About this task: Reproduce every line of the material below, but drop the pictures.

Information shown:
Content starts
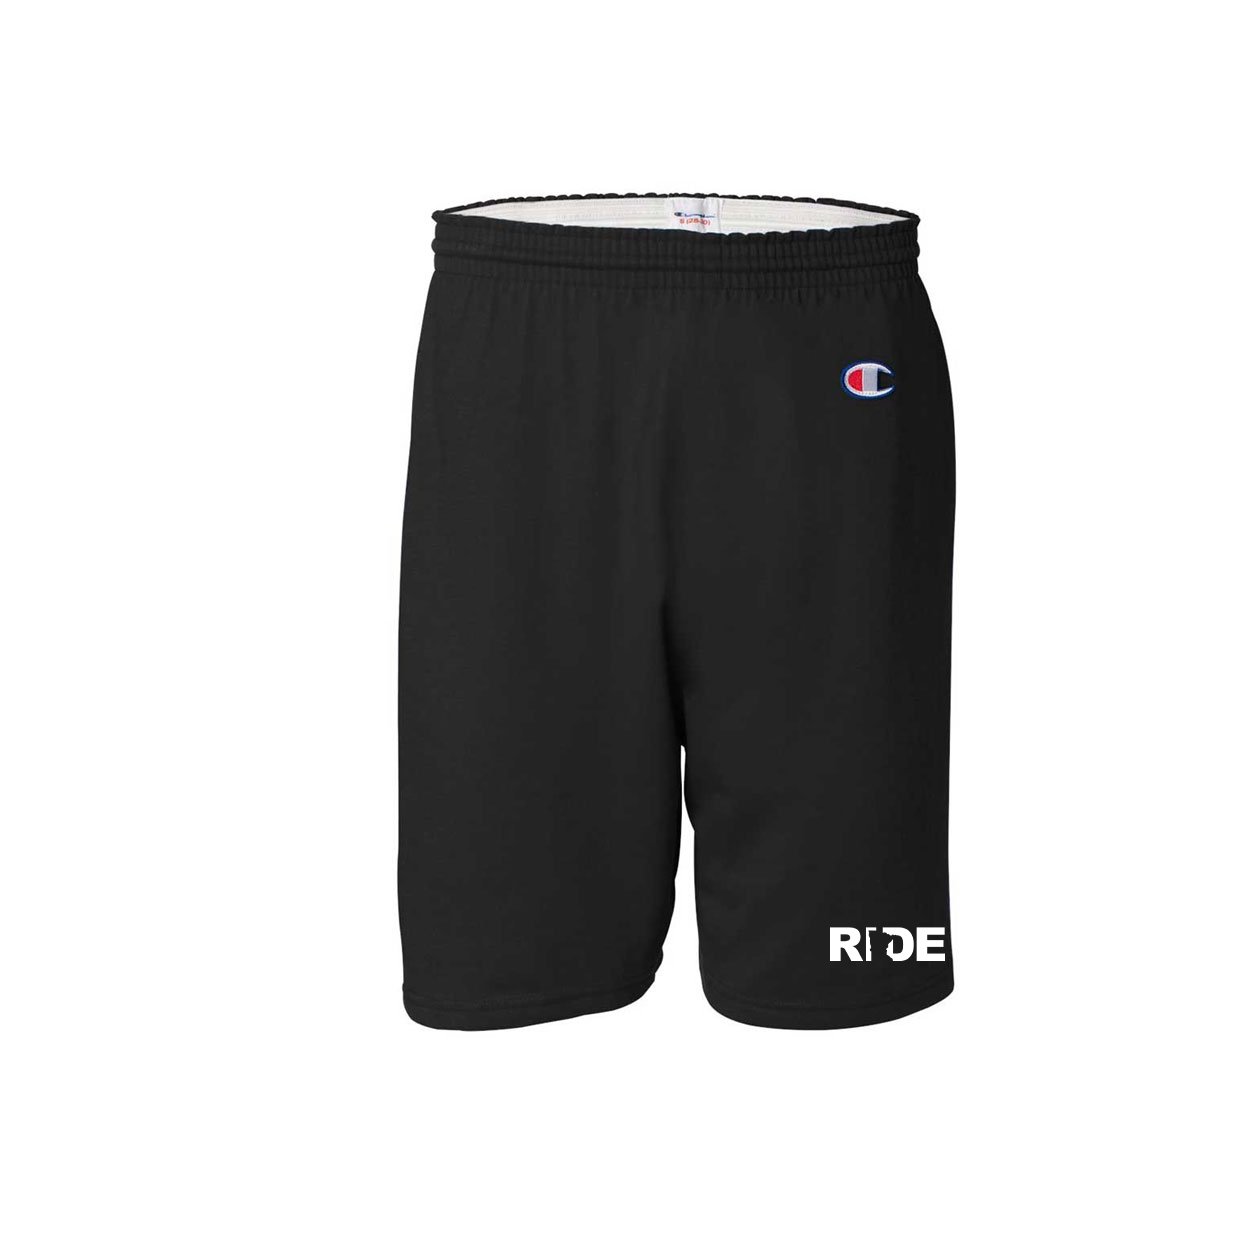 Ride Minnesota Classic Men's Unisex Gym Shorts Black with Pockets Black
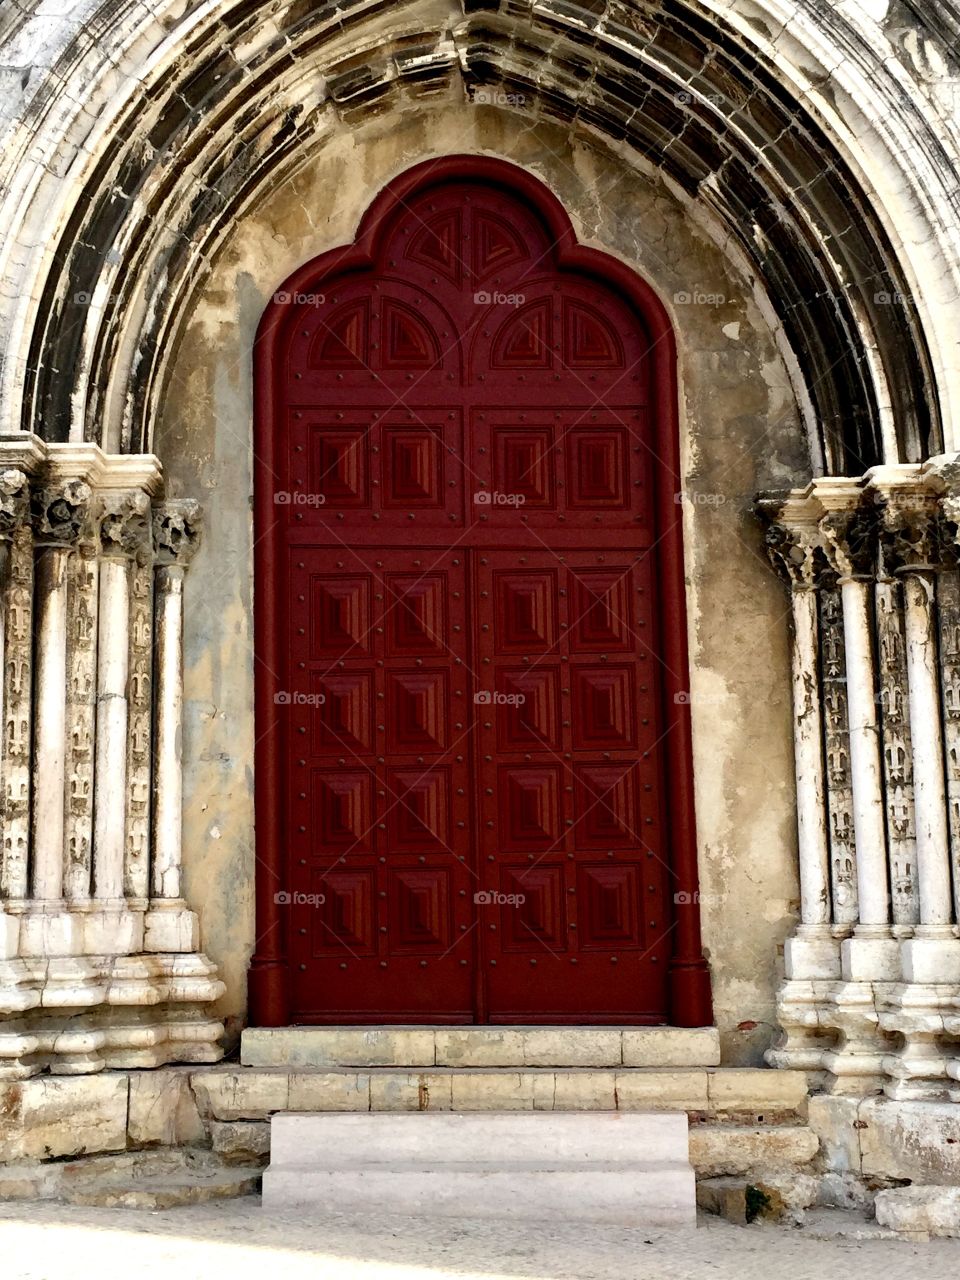 Architecture, Church, Entrance, Door, Arch
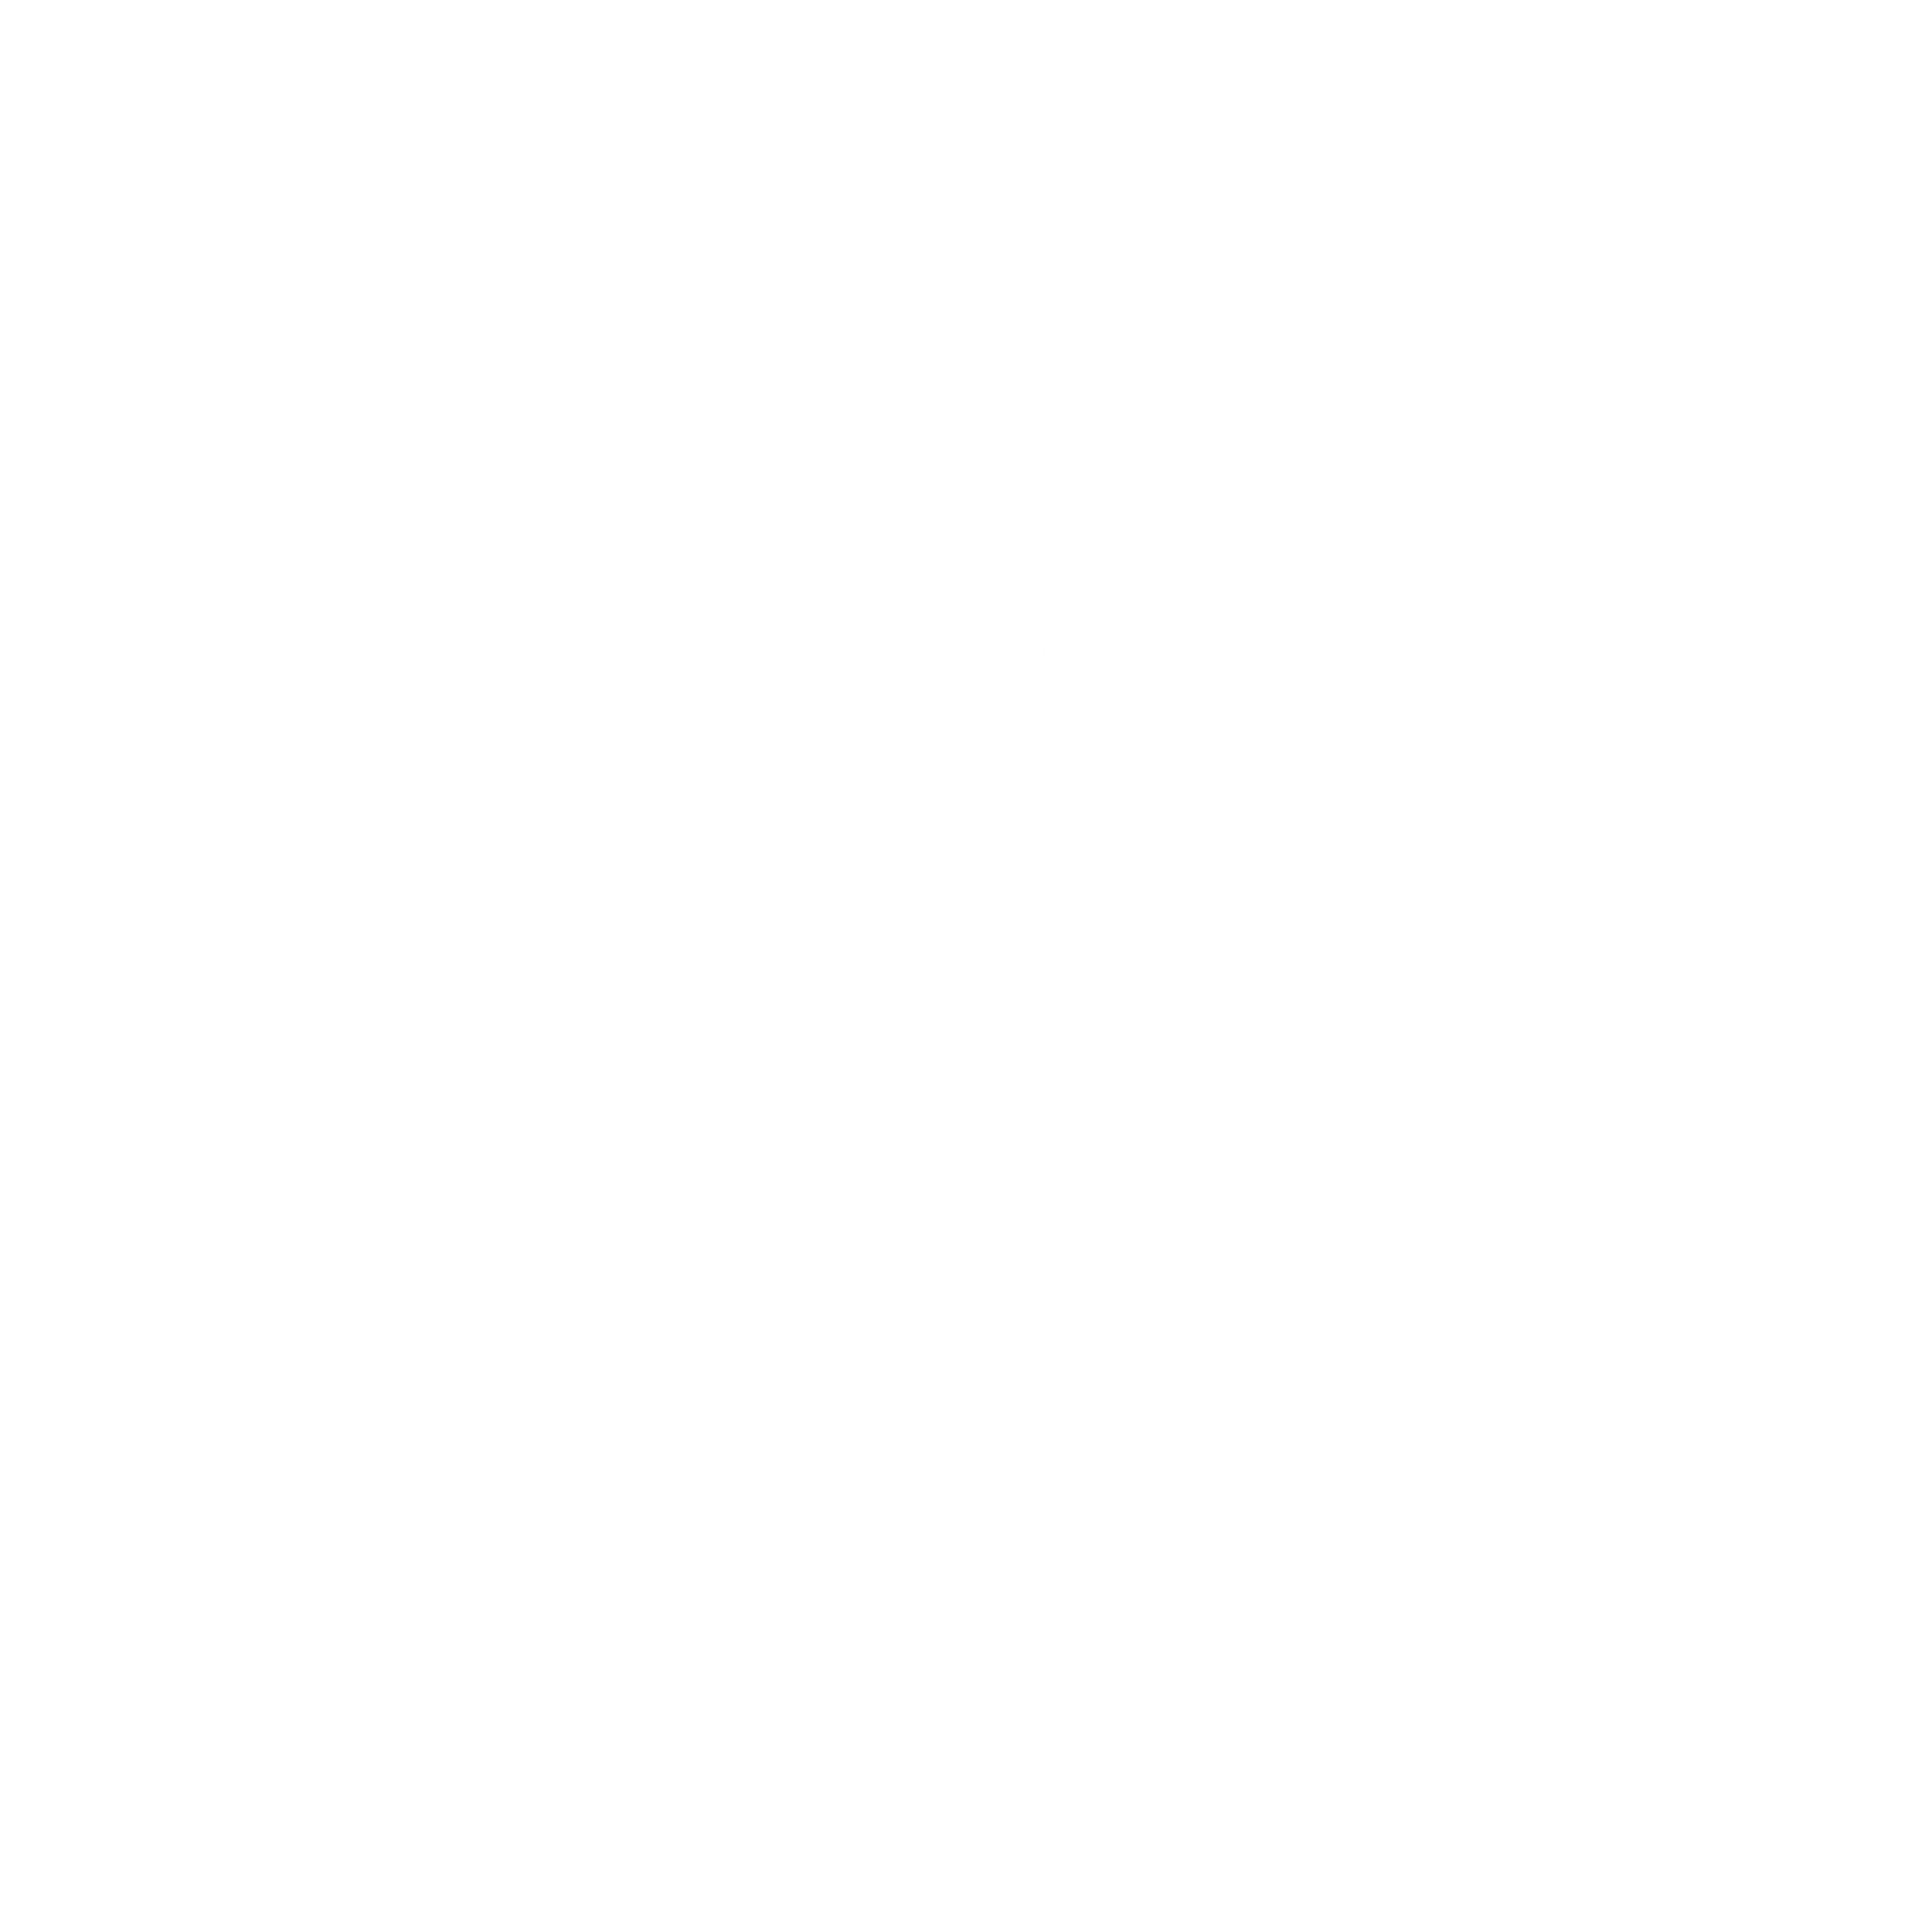 Mike Lynx
Content ends
Task solution:
 Ride Minnesota Classic Men's Unisex Gym Shorts Black with Pockets Black
 Architecture, Church, Entrance, Door, Arch
 Mike Lynx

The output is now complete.